September 2003 .........
Kansas City: KC Union Station: The station was built in 1914, and was the third largest train station in the country. It was built to last 200 years. It had 95 ft ceilings and in the grand hall three 3500 pound chandeliers. There was a 6 foot clock hanging in the stations central arch. The building had 850,000 square feet and 900 rooms. The interior had a ticket office, waiting rooms, railway offices, restaurants, the cities largest barber shop, a post office and drug store among other things. When train travel began to decline in the 50's the need for the massive station became less important to Kansas City. It was placed on the National Register of Historic Places in 1972, but the building continued to seriously deteriorate. In 1996 a one-eighth cent sales tax, the first in the country, was voted in by Kansas and Missouri to raise funds to restore the station.
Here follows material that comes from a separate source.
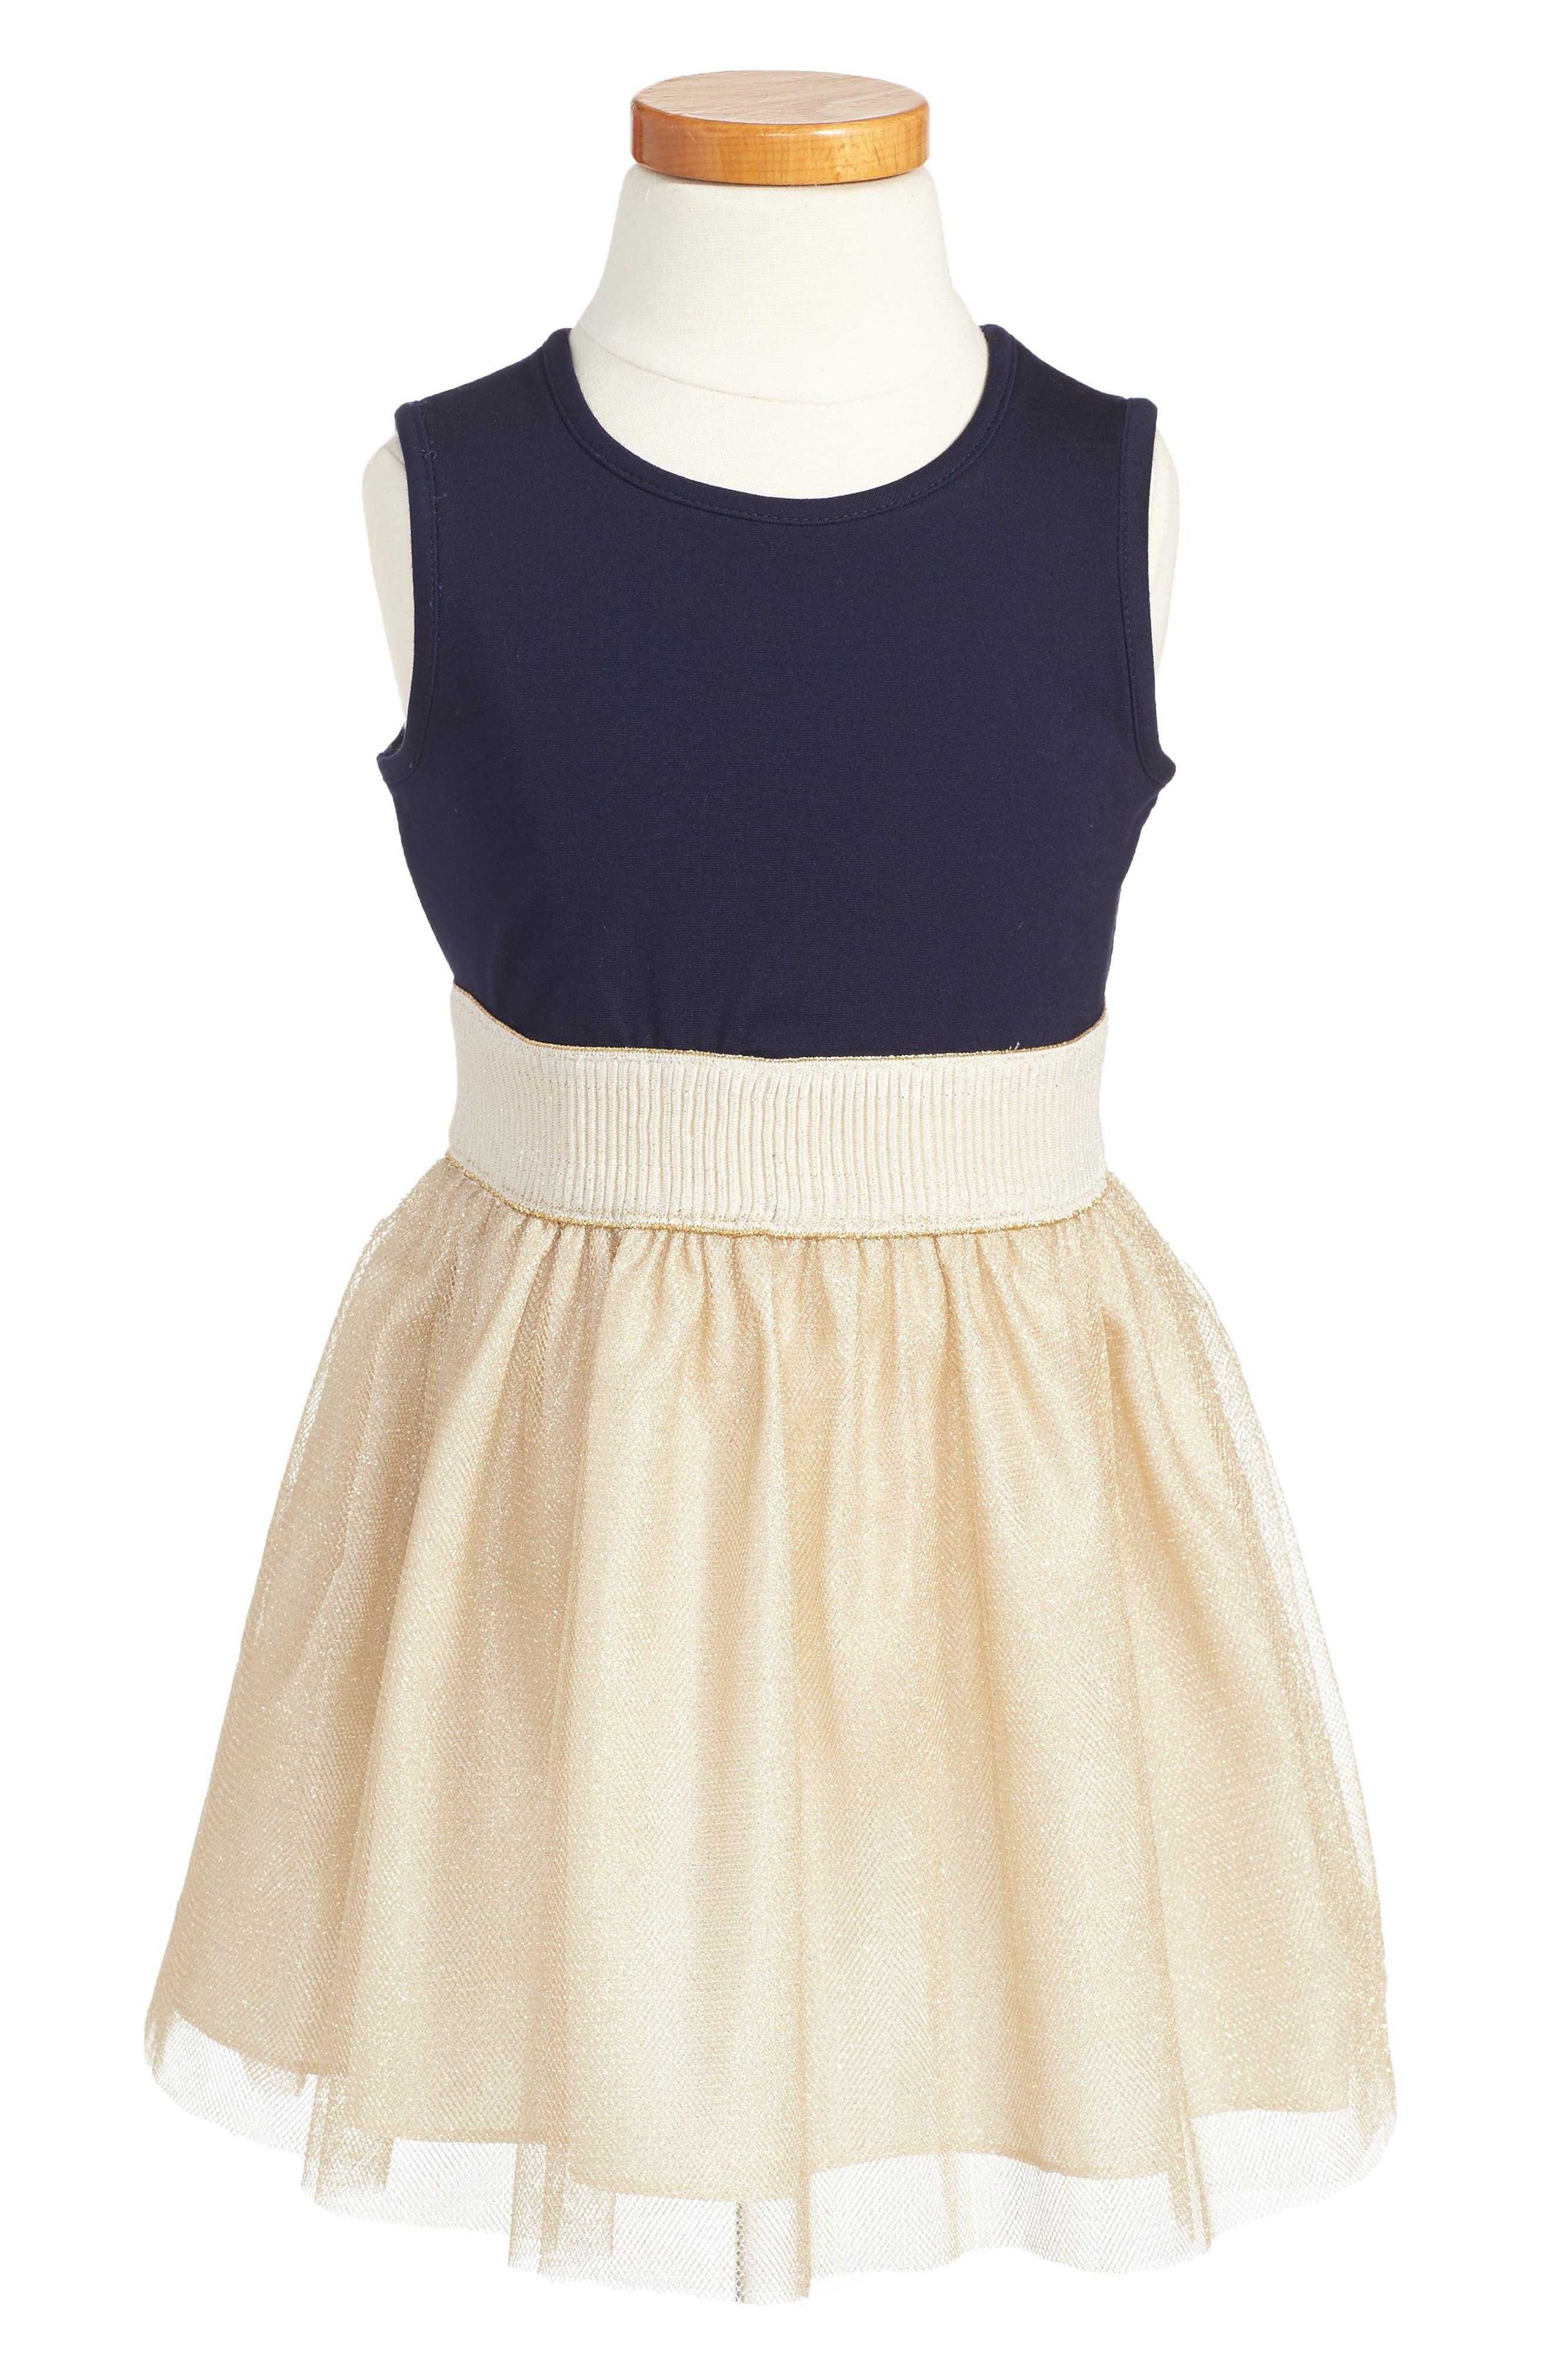 Majorette Jacket & Tank Dress Set,                             Alternate thumbnail 3, color,                             Navy/ Gold
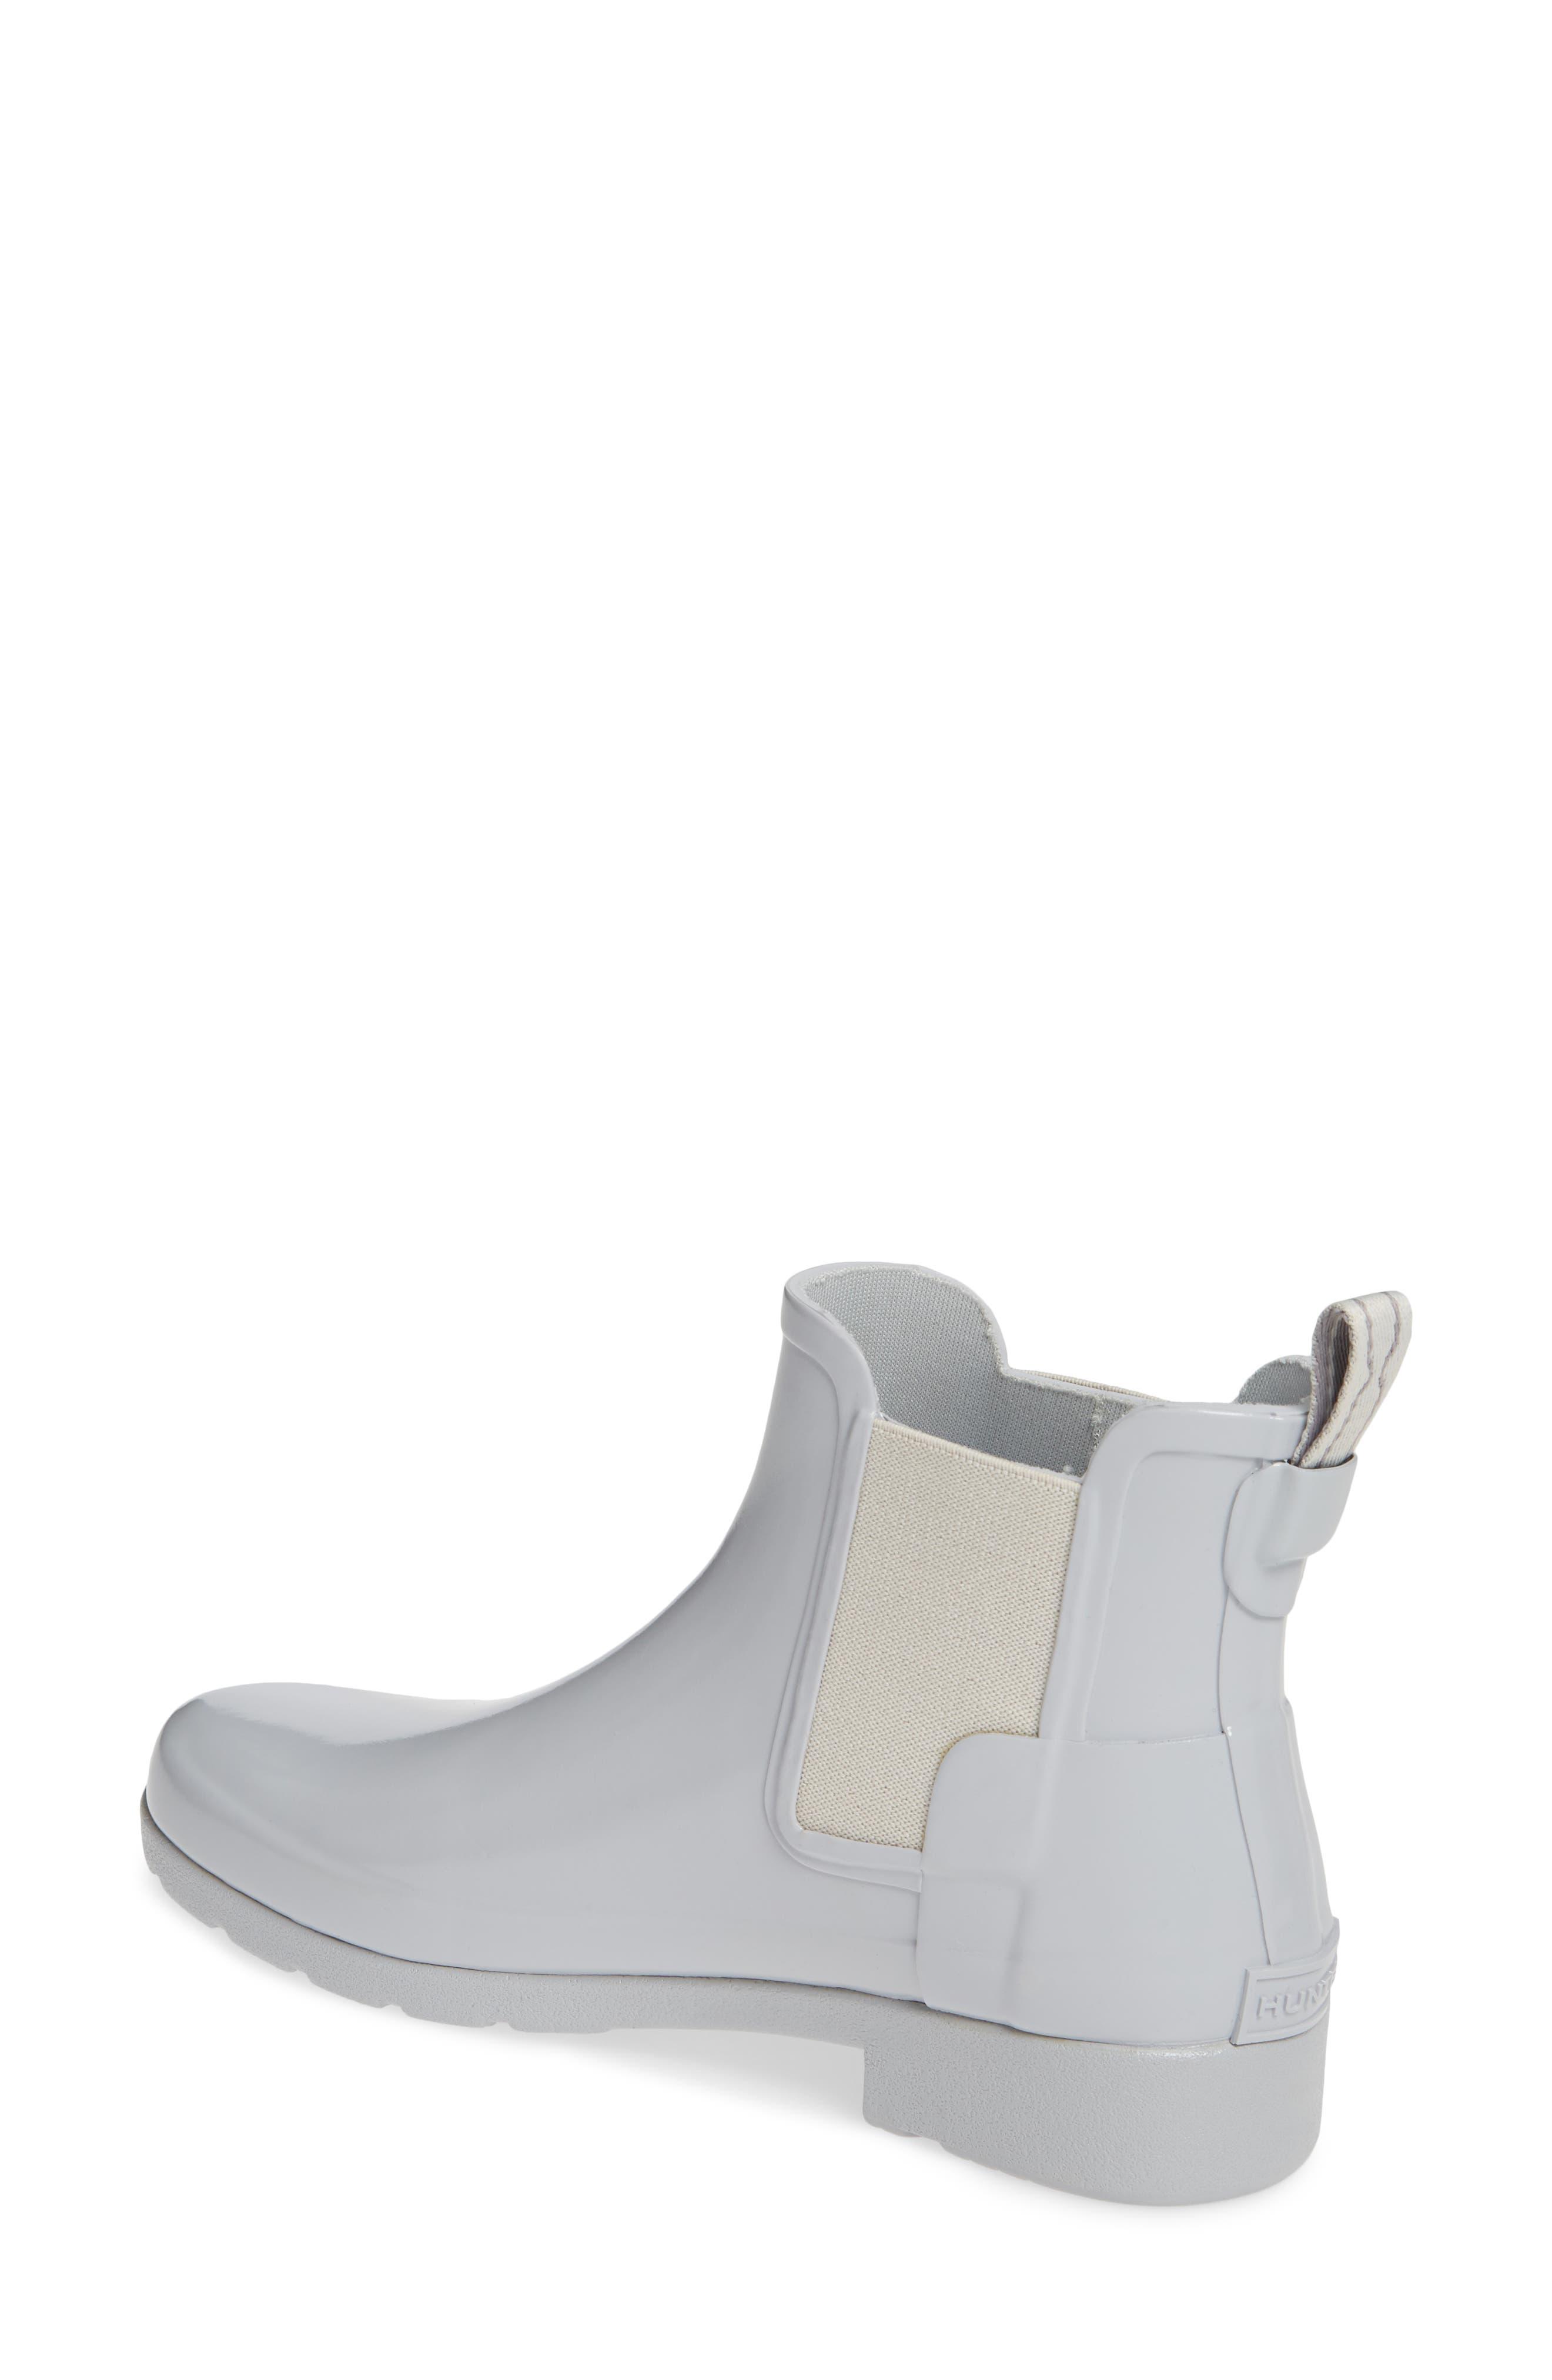 HUNTER, Original Refined Chelsea Waterproof Rain Boot, Alternate thumbnail 2, color, 074

The ceiling was restored by the same company that helped with New York Grand Central Station and Windsor Castle. Phase one began in 1997 with the removal of ten million pounds of debris. The restoration was completed in 1999 and the station now houses restaurants, shops, theatres, traveling exhibits, special events and a science center. Laurel remembers being in the station as a child in the med 40's. Don't miss this special place. We visited there in October 2003. "Meet me under the clock" is a famous saying from the hay day of the station.
September 2003 .........
Kansas City: Arabia Steamboat Museum: The Museum holds unbelievable treasurer and fascinating history. The Steamboat Arabia was built in Pennsylvania in 1853. It was a side wheel steamer, 171 ft long and held 220 tons of cargo. The paddlewheel was 28 feet tall and could move the Arabia 6 to 7 miles an hour. In 1856 as it carried cargo to frontier stores down the Missouri river, it was "snagged" by a fallen tree trunk just under the river surface. Of the estimated 400 riverboats on the waters at that time 300 of them sank from "snags". The boat sunk quickly, however the upper cabins remained above water and all were rescued in the ships on life boat. The only casualty was a mule tied on the stern. By the next morning only the smokestacks and the top of the pilot shack remained above water. Lost, among other things necessary for life on the frontier, were 400 barrels of Kentucky bourbon. One hundred thirty two years later the wreck was located 1/2 miles from the river in a Kansas corn field. The excavation site was as long as a football field and 45 ft. deep. The precious cargo was removed, some has been cleaned and restored and today it is in the museum. Much more work remains to be done. The 400 barrels of bourbon were never found. The museum is worth the trip. We went to the museum and Union Station in one day.